The clergy based their charge of scepticism upon a note which Leslie had attached to his "Inquiry into the Nature of Heat," in which he had spoken of Hume's "Essay on Necessary Connection," as the most philosophical theory of causation which had yet been given to the world. Leslie protested that the note considered the relation between cause and effect entirely as an object of physical examination; and that as he did not, on the one hand, embrace the whole of Hume's sceptical system, neither was he bound on the other to point out the bad use which had been made of the theory of causation. He wrote to one of the magistrates, repudiating the sentiments with which he was charged; he wrote to Dr Hunter, the Professor of Divinity, in the same strain. But all would not do the fatal note was still quoted against him.

As the ministers of Edinburgh repudiated the doctrine of causation as taught by Hume and adopted by Leslie, they were obliged to state what was their own doctrine. This they did in their Protest and Remonstrance. They said it was orthodox to teach that there was such a necessary connection between cause and effect as implied an operating principle in the cause. They had ventured upon dangerous ground. In avoiding Scylla, they had dashed against Charybdis. Metaphysicians rose up and said that they had taught the gross Materialism of Spinoza-peradventure it had been unwittingly. If physical causes, it was argued, are possessed of active powers or operating principles in themselves, they are efficient causes; and hence there is no necessity to go beyond physical causes for the origin of all things. The foundations of natural religion are destroyed, for a Supreme Intelligence implies that the laws of nature are just God acting in and through what

are called physical causes. Things happen as they do, not because there is any inherent property in them producing, but simply because God so willed it.

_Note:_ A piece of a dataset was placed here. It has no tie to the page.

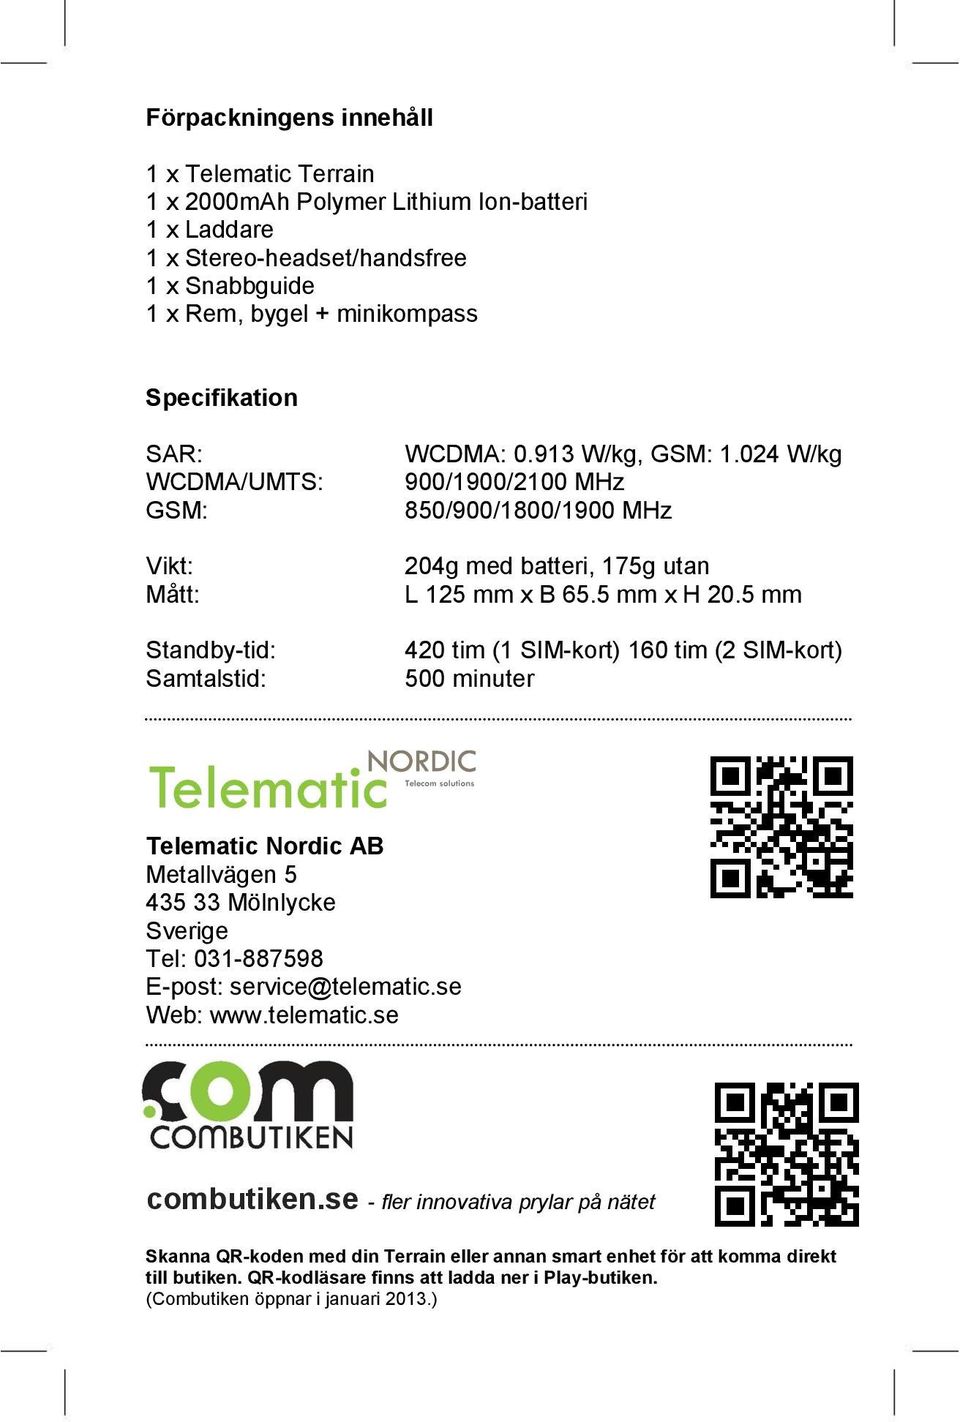 5 mm 420 tim (1 SIM-kort) 160 tim (2 SIM-kort) 500 minuter Telematic Nordic AB Metallvägen 5 435 33 Mölnlycke Sverige Tel: 031-887598 E-post: service@telematic.se Web: www.telematic.se combutiken.

The Edinburgh clergy brought their Remonstrance and Protest before the presbytery, praying it to take such steps in the circumstances as seemed most agreeable to the civil and religious institutions of the kingdom. The matter went from the presbytery to the synod, and from the synod to the General Assembly. The Popular party marshalled themselves on the side of Leslie; the Moderates against him. It was strange that it should have been so ; for hitherto the Moderates had been the most earnest advocates of intellectual liberty. They had defended Simson, Wishart, Leechman; they had saved Kames and Hume from excommunication; it was thought they had sheltered M'Gill; it was said they wished all creeds were burned, that so they themselves might think as they pleased. The Popular party, on the other hand, had too often exhibited a too eager desire to repress speculation, and anathematize the slightest deviation from the severest orthodoxy. They had now changed sides. Personalities often interfere with principles. The Moderates fought for a brother; the Popular party fought against them, and on the side which was favoured by the liberal politicians of the day.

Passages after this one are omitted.